Find array of maximum subarray sum using kadane's Algorithm

Question

Find the maximum sum of contiguous non-empty subarray and its elements within an array Arr of length N.

import java.util.*;

public class MaximumSubarraySum {

    public static void main(String[] args) {
        ArrayList<Integer> Arr = new ArrayList<Integer>(Arrays.asList(-2,-3,4,-1,-2,1,5,-3));
        int currSum = 0,maxSum = Integer.MIN_VALUE;
        for(int i = 0 ; i < Arr.size(); i++) {
            currSum = currSum + Arr.get(i);
            maxSum = Math.max(maxSum, currSum);
            if(currSum < 0) currSum = 0;//reset currSum when its negative value
        }
        System.out.print(maxSum);
    }

}

I could get the maxSum among the subarray sums but, how can i store the subarray elements which is contributing to maxSum while traversing the array using this algorithm? Expected output : 4,-1,-2,1,5

Answer 1

You can keep track of the start and end indexes of the maximum sum array. After traversing, you can create a subarray from the main array and use it where needed.
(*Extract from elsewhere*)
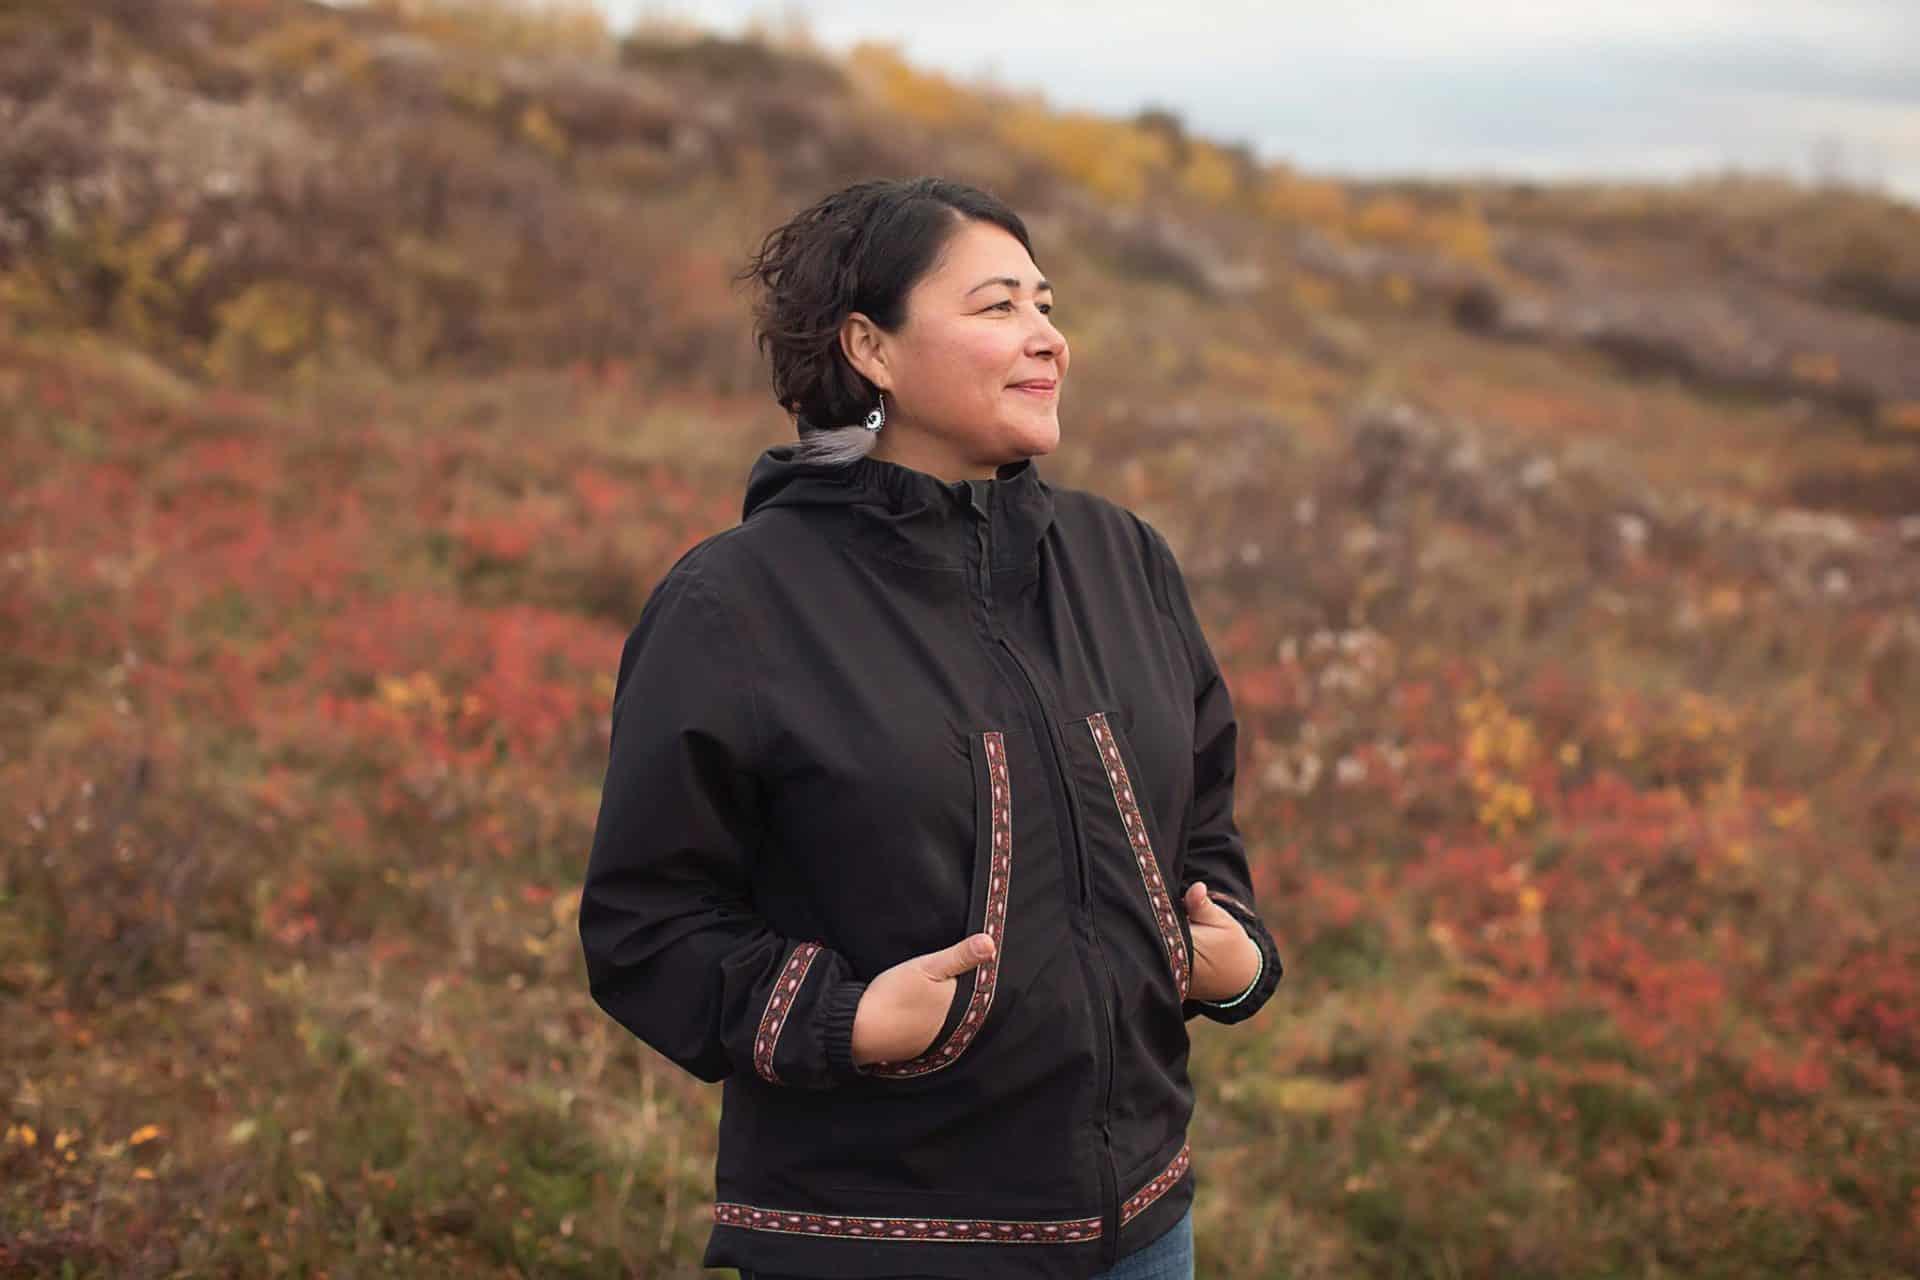 https://beringstraits.com/wp-content/uploads/2020/04/Arctic-Wear.jpg

import java.util.ArrayList;
import java.util.Arrays;

public class MaximumSubarraySum {

    public static void main(String[] args) {
        ArrayList<Integer> Arr = new ArrayList<Integer>(Arrays.asList(-2, -3, 4, -1, -2, 1, 5, -3));
        int currSum = 0, maxSum = Integer.MIN_VALUE;
        int start = 0, end = 0;

        for (int i = 0; i < Arr.size(); i++) {
            currSum = currSum + Arr.get(i);

            if (currSum > maxSum) {
                maxSum = currSum;
                end = i;
            }

            if (currSum < 0) {
                currSum = 0;
                start = i + 1;
            }
        }

        ArrayList<Integer> subarray = new ArrayList<>(Arr.subList(start, end + 1));
        System.out.println("Max sum sub array: " + subarray);
        final int maxSumValue = subarray.stream().mapToInt(Integer::intValue).sum();
        System.out.println("Max Sum: " + maxSumValue);
    }
}